Texte intégral
COUR D'APPEL D'AIX-EN-PROVENCE
Chambre 1-8
ARRÊT AU FOND
DU 13 SEPTEMBRE 2023
N° 2023/ 358
N° RG 21/04203
N° Portalis DBVB-V-B7F-BHEVO
Syndicat des copropriétaires de la copropriété
LE PLAZA
C/
S.C.I. KESA
Copie exécutoire délivrée
le :
à :
Me Fanny ROSTAN
Décision déférée à la Cour :
Jugement du Tribunal Judicaire de NICE en date du 15 Janvier 2021 enregistrée au répertoire général sous le n° 20/00957.
APPELANT
Syndicat des copropriétaires de la copropriété LE PLAZA sis à [Localité 1]
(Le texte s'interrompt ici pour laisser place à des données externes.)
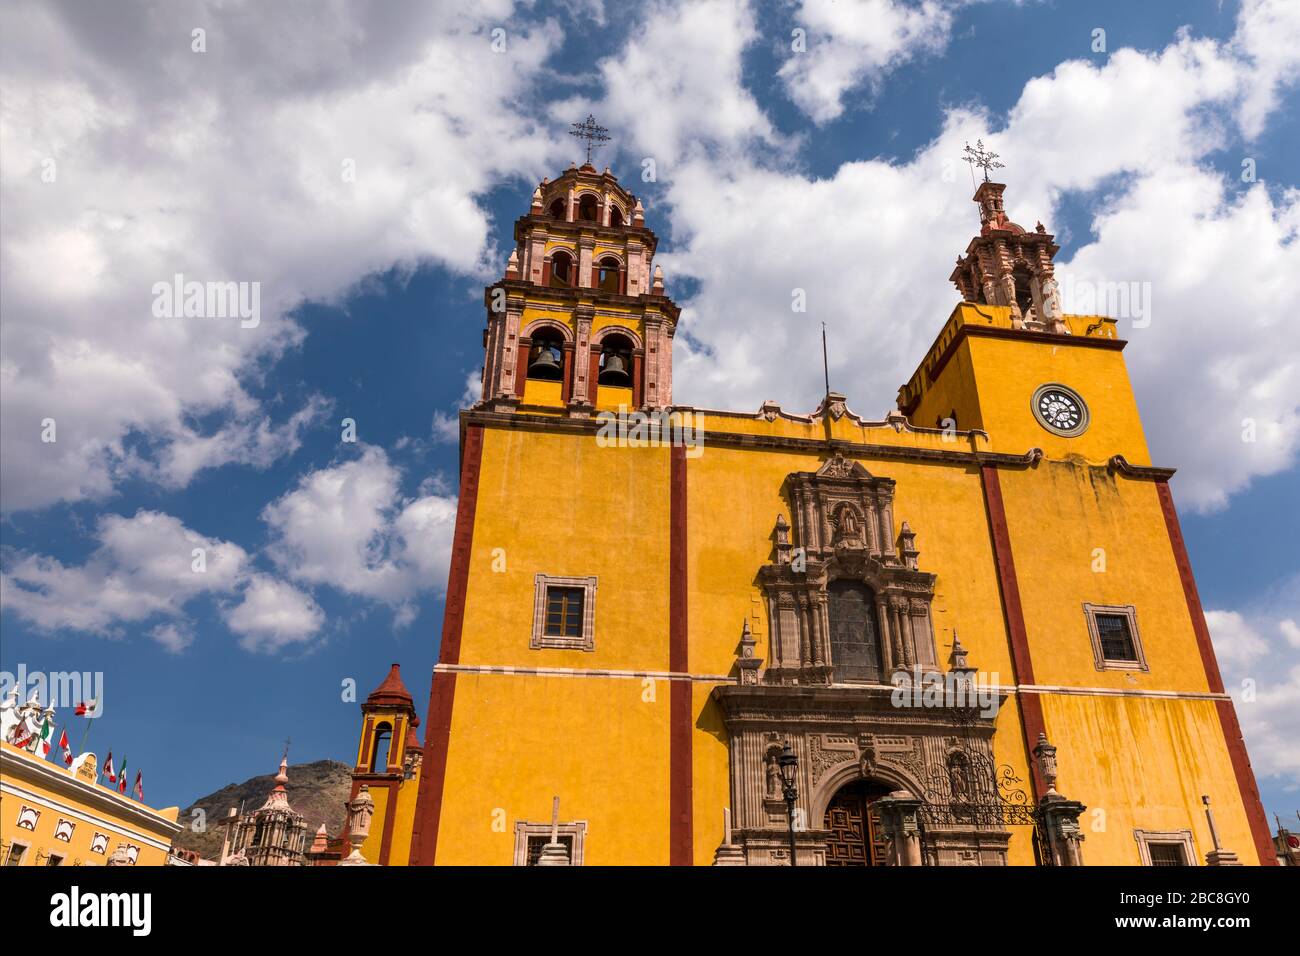 Mexiko, Guanajuato, die Basïlica de Nuestra Seńora de Guanjuato, die Hauptkirche der Stadt. Spanische Kolonialarchitektur. Stockfoto

agissant poursuites et diligences de son syndic le cabinet GRAMMATICO, ayant son siège social à [Localité 1], [Adresse 3], pris en la personne de son représentant légal, domicilié au siège en cette qualité sis [Adresse 2] [Localité 1]
représenté par Me Fanny ROSTAN, avocat au barreau de GRASSE substitué par Me Angélique GALLUCCI, avocat au barreau d'AIX-EN-PROVENCE
INTIMEE
S.C.I. KESA
prise en la personne de son représentant légal en exercice, dont le siège social est sis
[Adresse 2] [Localité 1]
signification DA le 02/07/2021 à étude
Assignation remise le 02.07.2021 à étude de la DA et conclusions
défaillante
*-*-*-*-*
COMPOSITION DE LA COUR
En application des dispositions des articles 805 et 907 du code de procédure civile, l'affaire a été débattue le 04 Juillet 2023, en audience publique, les avocats ne s'y étant pas opposés, devant Monsieur Philippe COULANGE, Président, chargé du rapport.
Ce magistrat a rendu compte des plaidoiries dans le délibéré de la Cour, composée de :
Monsieur Philippe COULANGE, Président
Madame Céline ROBIN-KARRER, Conseillère
Monsieur Jean-Paul PATRIARCHE, Conseiller
Greffier lors des débats : Mme Maria FREDON.
Les parties ont été avisées que le prononcé de la décision aurait lieu par mise à disposition au greffe le 13 Septembre 2023.
ARRÊT
Rendu par défaut, prononcé par mise à disposition au greffe le 13 Septembre 2023, signé par Monsieur Philippe COULANGE, Président et Madame Maria FREDON, greffière auquel la minute de la décision a été remise par le magistrat signataire.
***
La SCI KESA est propriétaire du lot n°114 au sein de la copropriété LE PLAZA, sise [Adresse 2] à [Localité 1] dont le syndic est le Cabinet GRAMMATICO.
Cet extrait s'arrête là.